■ WHAT IS REQUIRED ■
Repeat, word for word, all the data that follows, and exclude the pictures.

■ DATASET SECTION ■
BEGIN
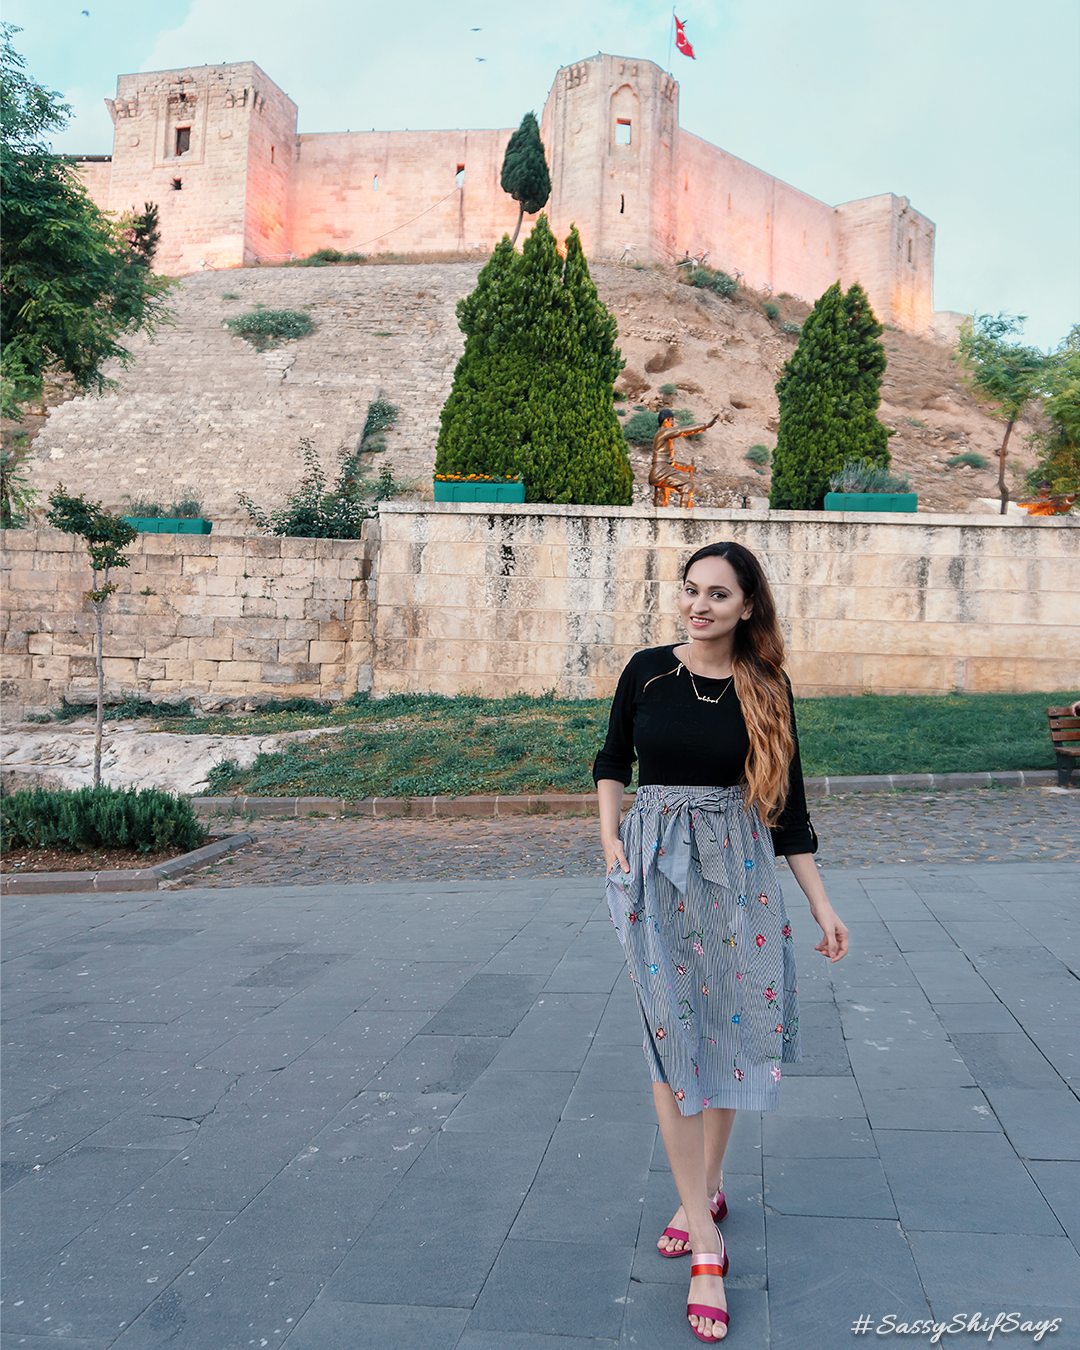 Photo of Gaziantep By Sassy Shif Says
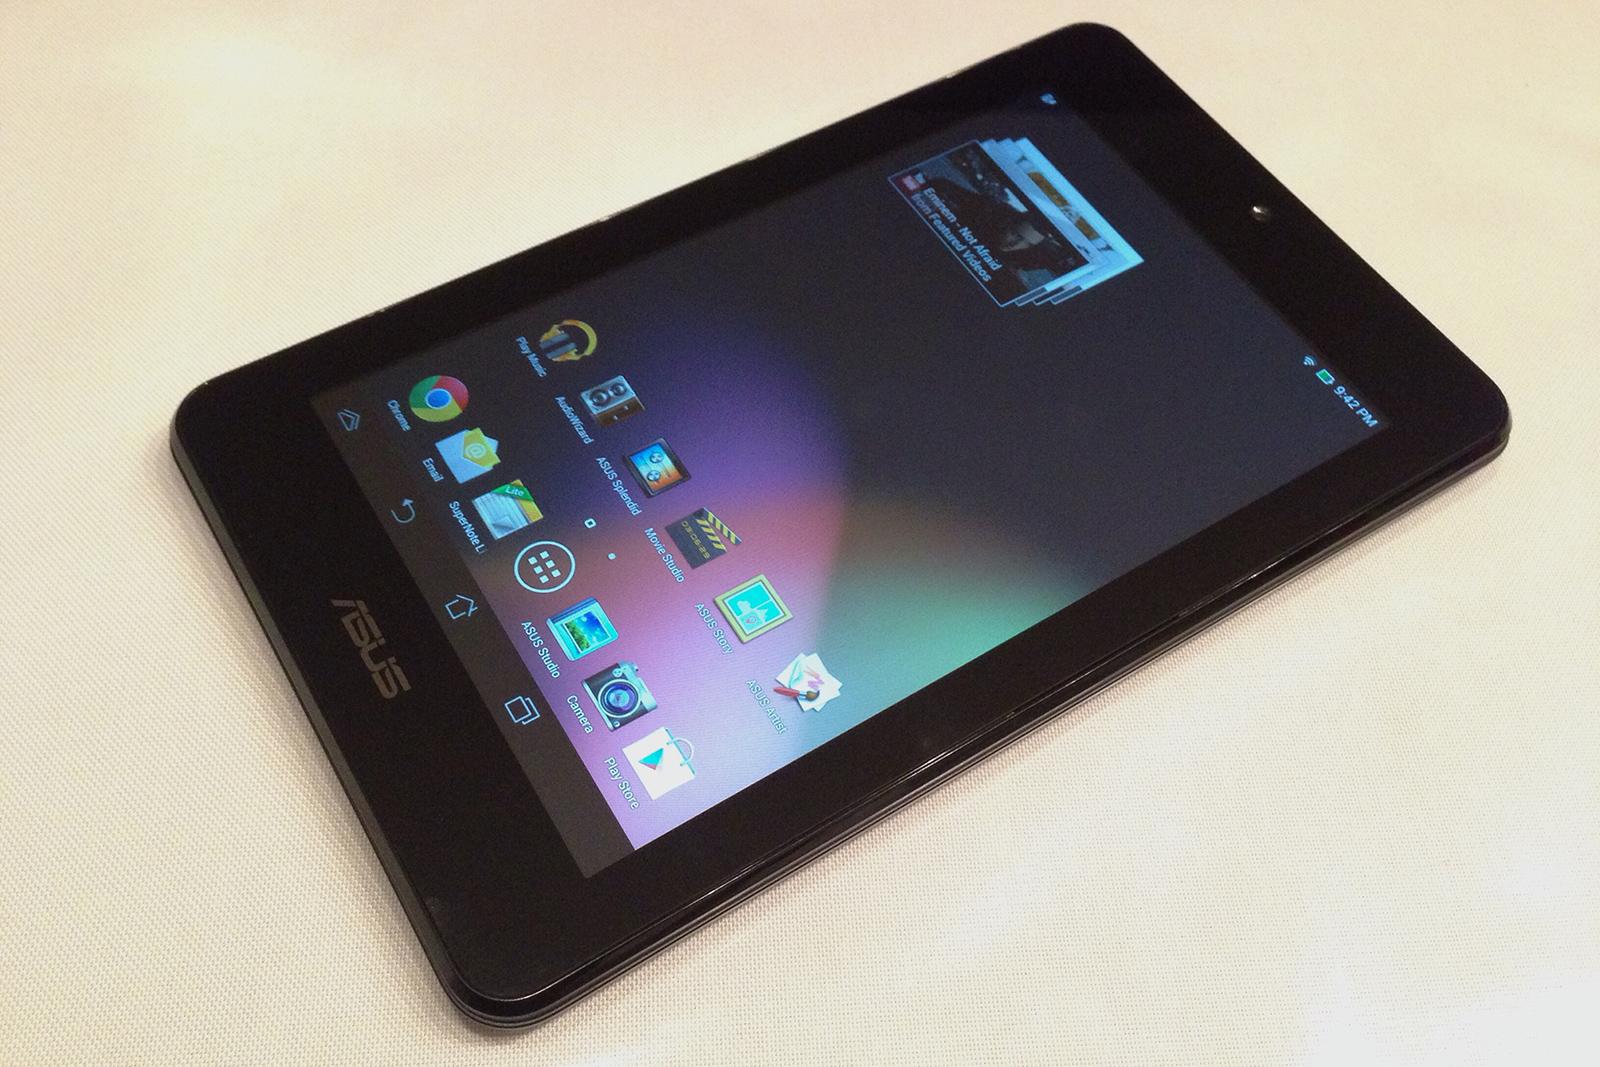 1392758224544 - Test de la tablette Asus Memo Pad HD 7
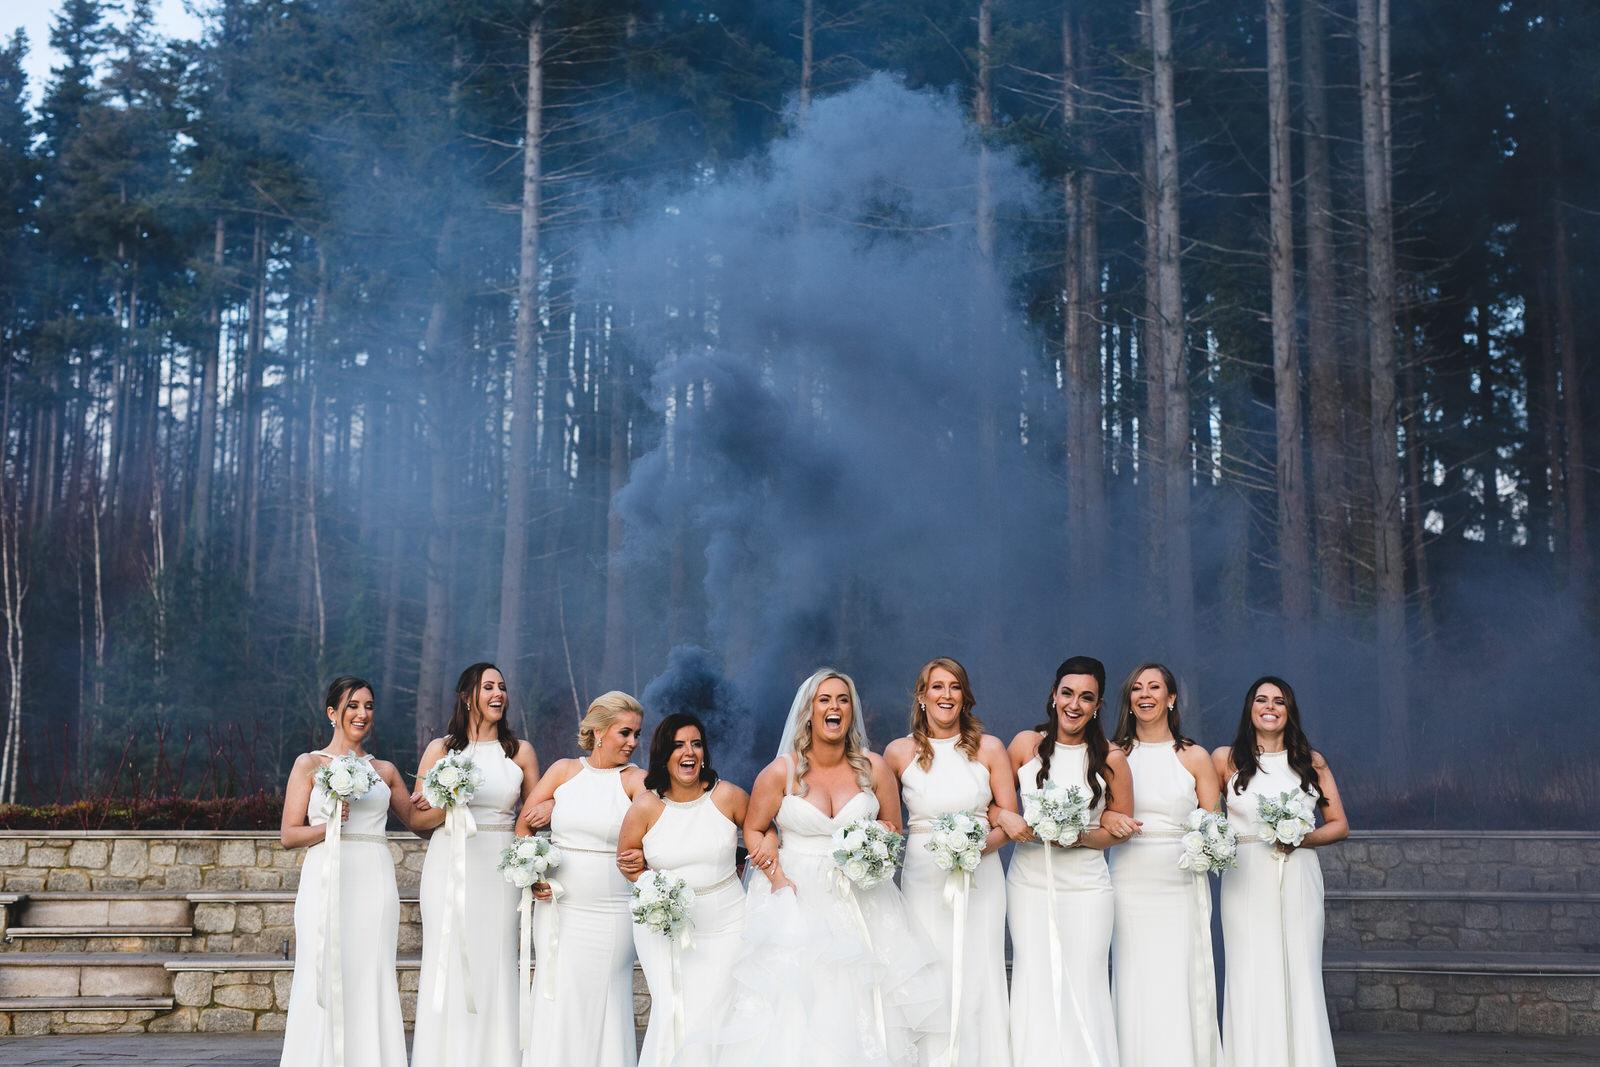 Smokebomb wedding photos at Powerscourt Hotel Wicklow
END
■ RESPONSE TO THIS EXERCISE ■
 Photo of Gaziantep By Sassy Shif Says
 1392758224544 - Test de la tablette Asus Memo Pad HD 7
 Smokebomb wedding photos at Powerscourt Hotel Wicklow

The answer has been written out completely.